Breakout Forex strategies

The Retest Breakout Trading System

Many breakout traders also use opportunities when the price breaks-out of any type of trading pattern. This can be a triangle, a head-and-shoulders pattern, a flag, a box channel as well as the more common support and resistance levels.

This type of style seems counter-intuitive to a fundamental trader. A fundamentalist’s goal is to buy below fair value, and sell above. The idea of buying as the price makes new highs, or selling as it reaches new lows, as breakout trading does, goes against this viewpoint. Despite this, technicals are influential in the near-term and breakout strategies that exploit them can be highly profitable.

The appeal of breakout trading is clear It is easy to grasp and is a quick win strategy that can lead to high profits. The largest profits in any market usually lie in the first few bars of a newly forming trend – this is where the strongest price acceleration is. Explosive breakouts often take place after volatility squeezes (see below).

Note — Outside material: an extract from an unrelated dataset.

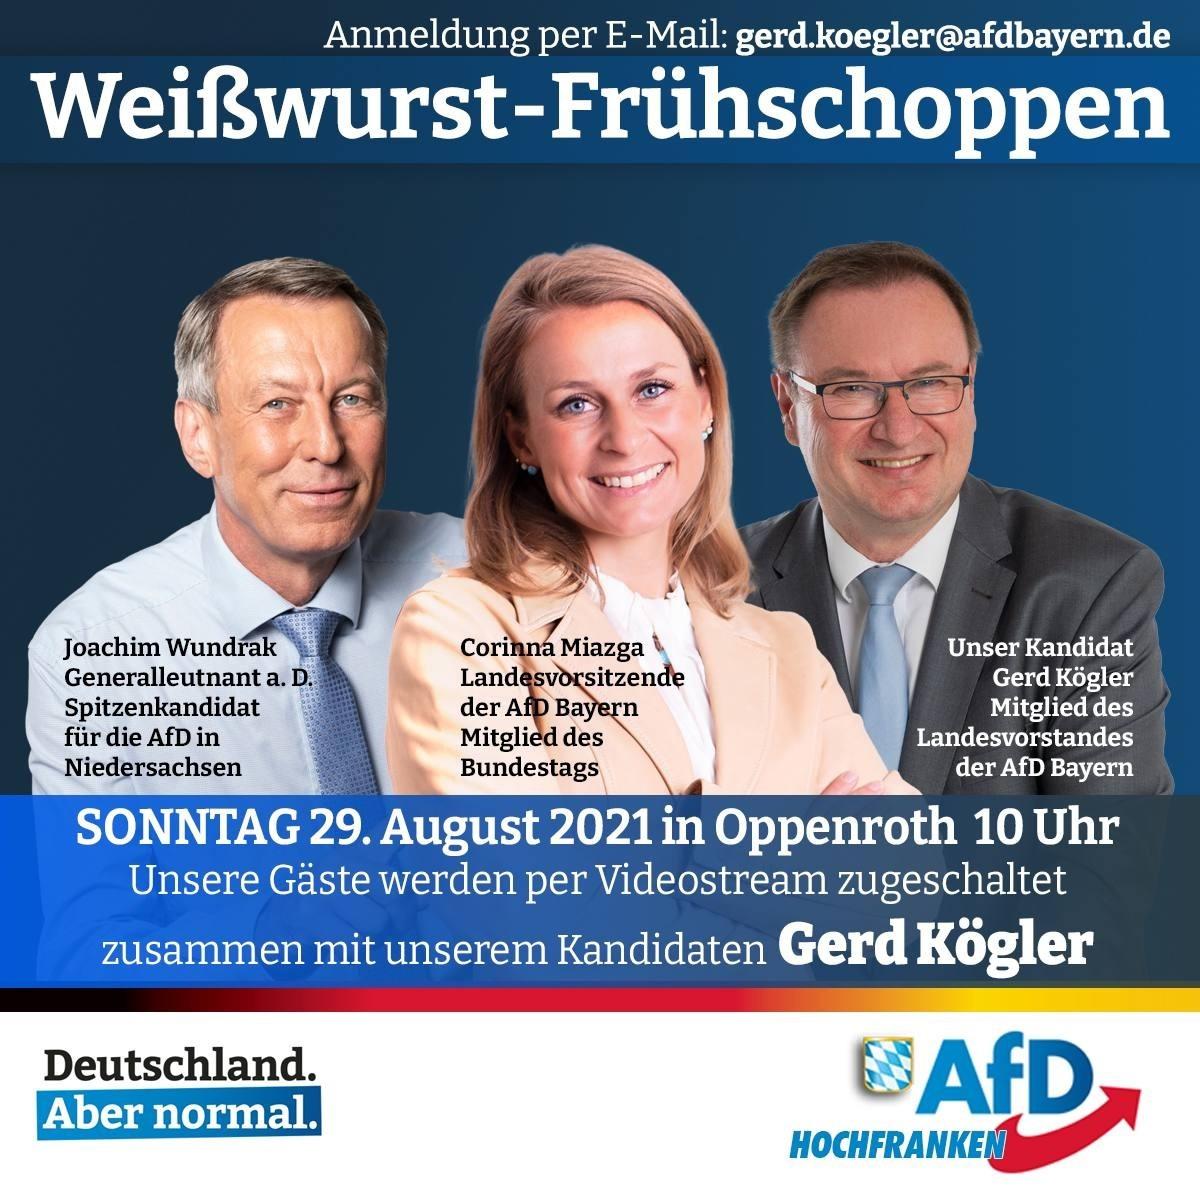 29. August 2021 - Weißwurst-Frühschoppen in Oppenroth

The breakout trader aims to be in at the beginning of these powerful trends.

Breakout events are extremely common in Forex charts. They also occur across different time frames. Nevertheless, having a good grasp of technical analysis is necessary to identify which of these are worth trading and which are best avoided. Technical indicators allow the breakout trader to judge how robust a given channel is and if a break attempt is likely to be successful or not.

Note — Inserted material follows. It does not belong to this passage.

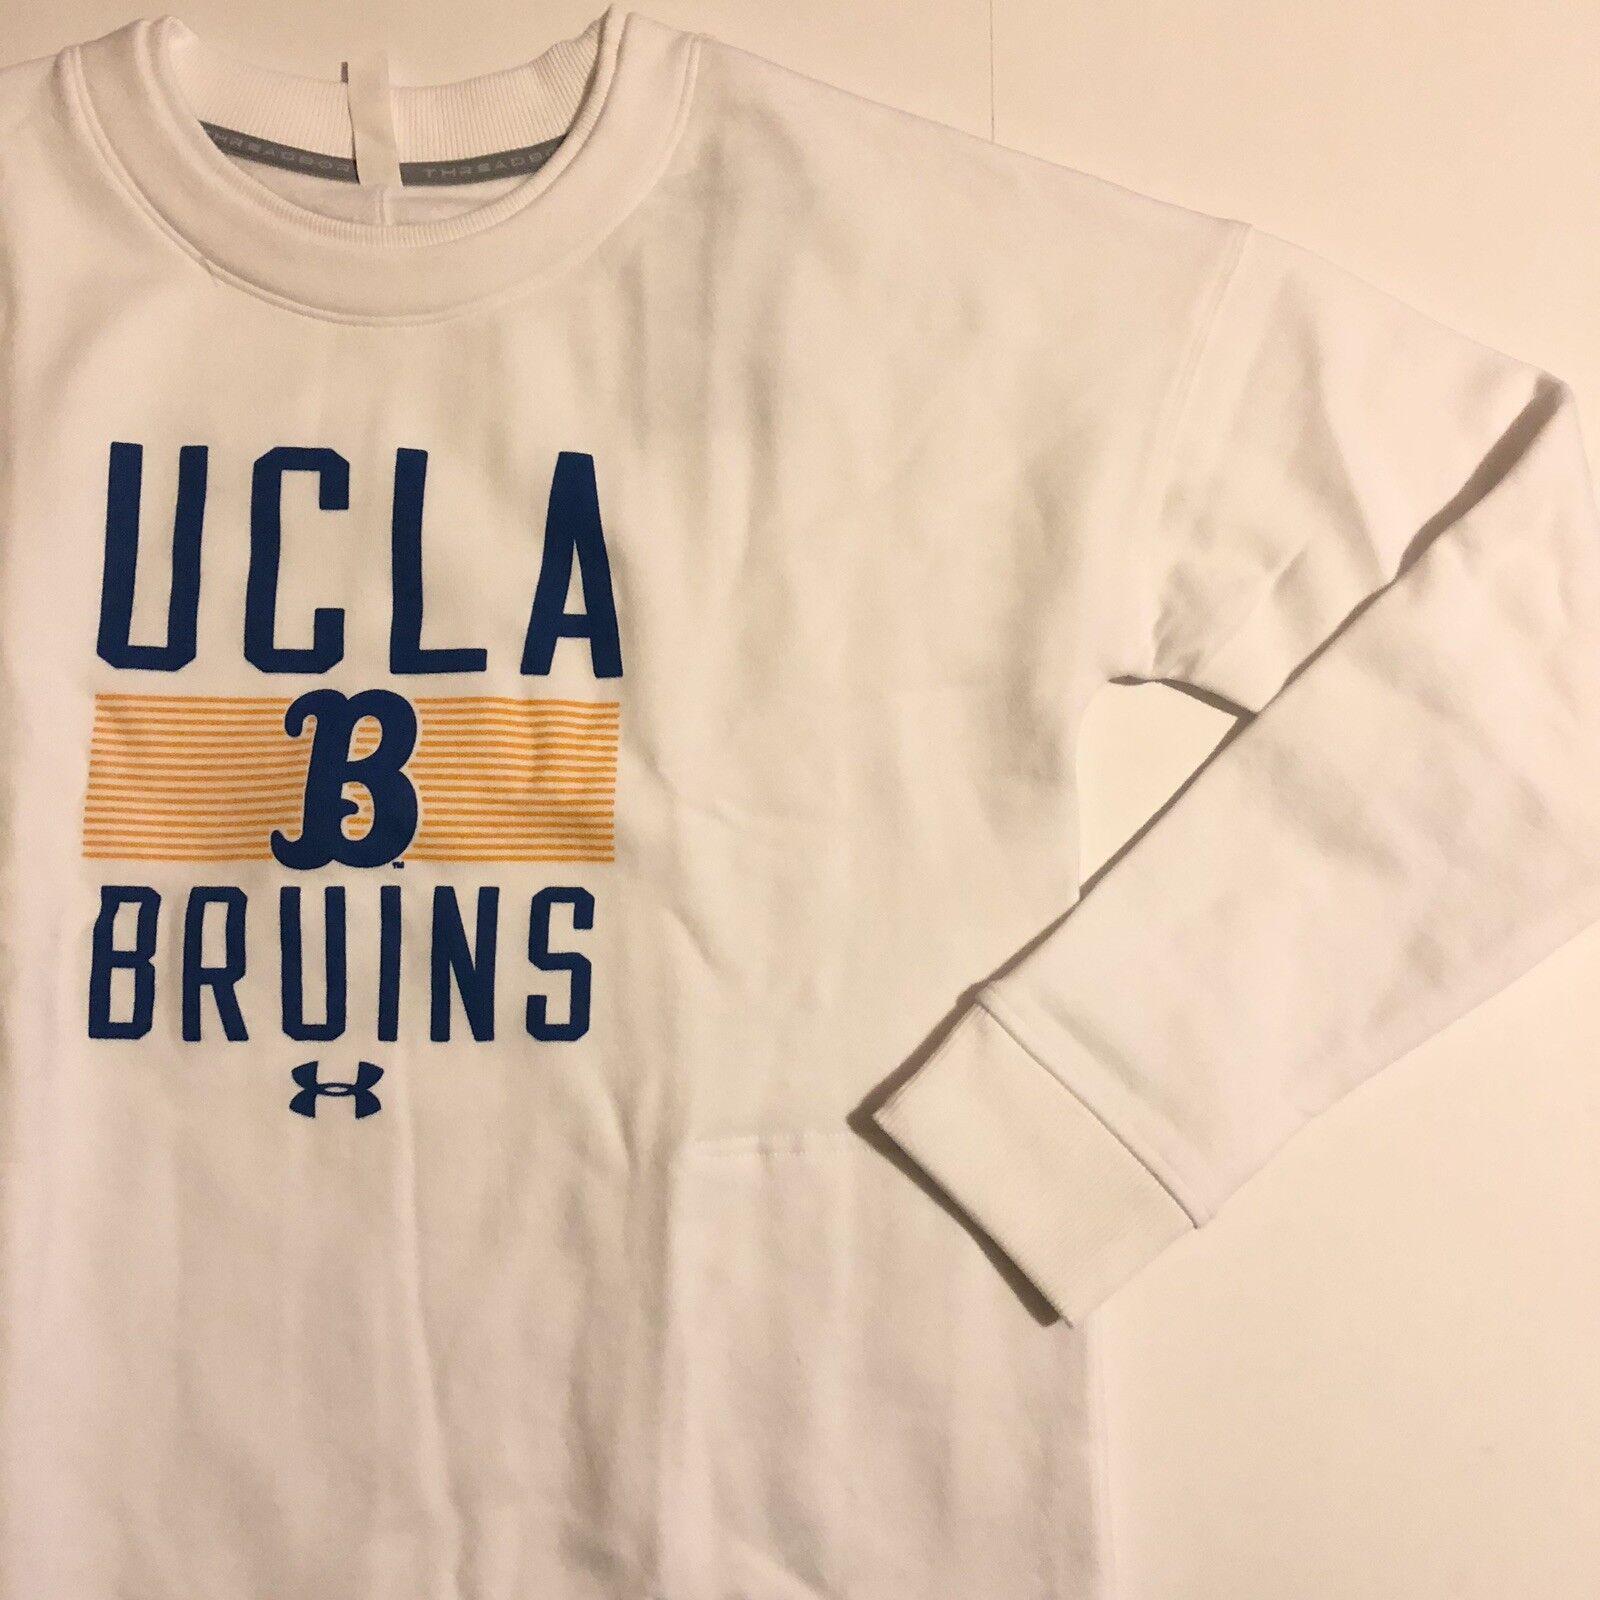 Herren Under Armour UCLA Bruins Sweatshirt Threadborne UW1562000 Medium Weiß

Most breakout traders use a combination of other inputs to form their decision. However, in the end, it often comes down to experience and gut instinct. The occurrence of false breaks also makes timing decisions difficult.

How to Avoid False Breaks

Those who try this strategy soon learn that false breaks are its “Achilles’ Heel”. According to most estimates, at least fifty percent of Forex chart breakouts are “false breaks” or “fake outs”. With a false break, the price breaks out of a range temporarily, only to pull back again shortly afterwards.

This is frustrating to the breakout trader, and several runs in succession can wipe out hard won profits. Even more maddening is when you exit the breakout trade on a retracement, only for the price to double back again in the breakout direction. These kinds of retracements are what thwart the breakout traders strategy.

Wait for the retest To counter these situations some breakout traders wait for the previous level to retest before entering the trade. They wait until the price reverses and retests the boundary at least once. They then only enter the trade if the retest succeeds (or fails if you are a range trader), and the price bounces back. This is shown in Figure 2.

A successful re-test on the downside suggests the previous resistance has become a new support. Conversely, a successful re-test on the upside suggests the previous support has become a new resistance. Stop losses are placed so that the position is closed if the price moves through the boundary, back into the range a second time. This is not a guarantee. It does though increase the odds of catching real breaks rather than a fake.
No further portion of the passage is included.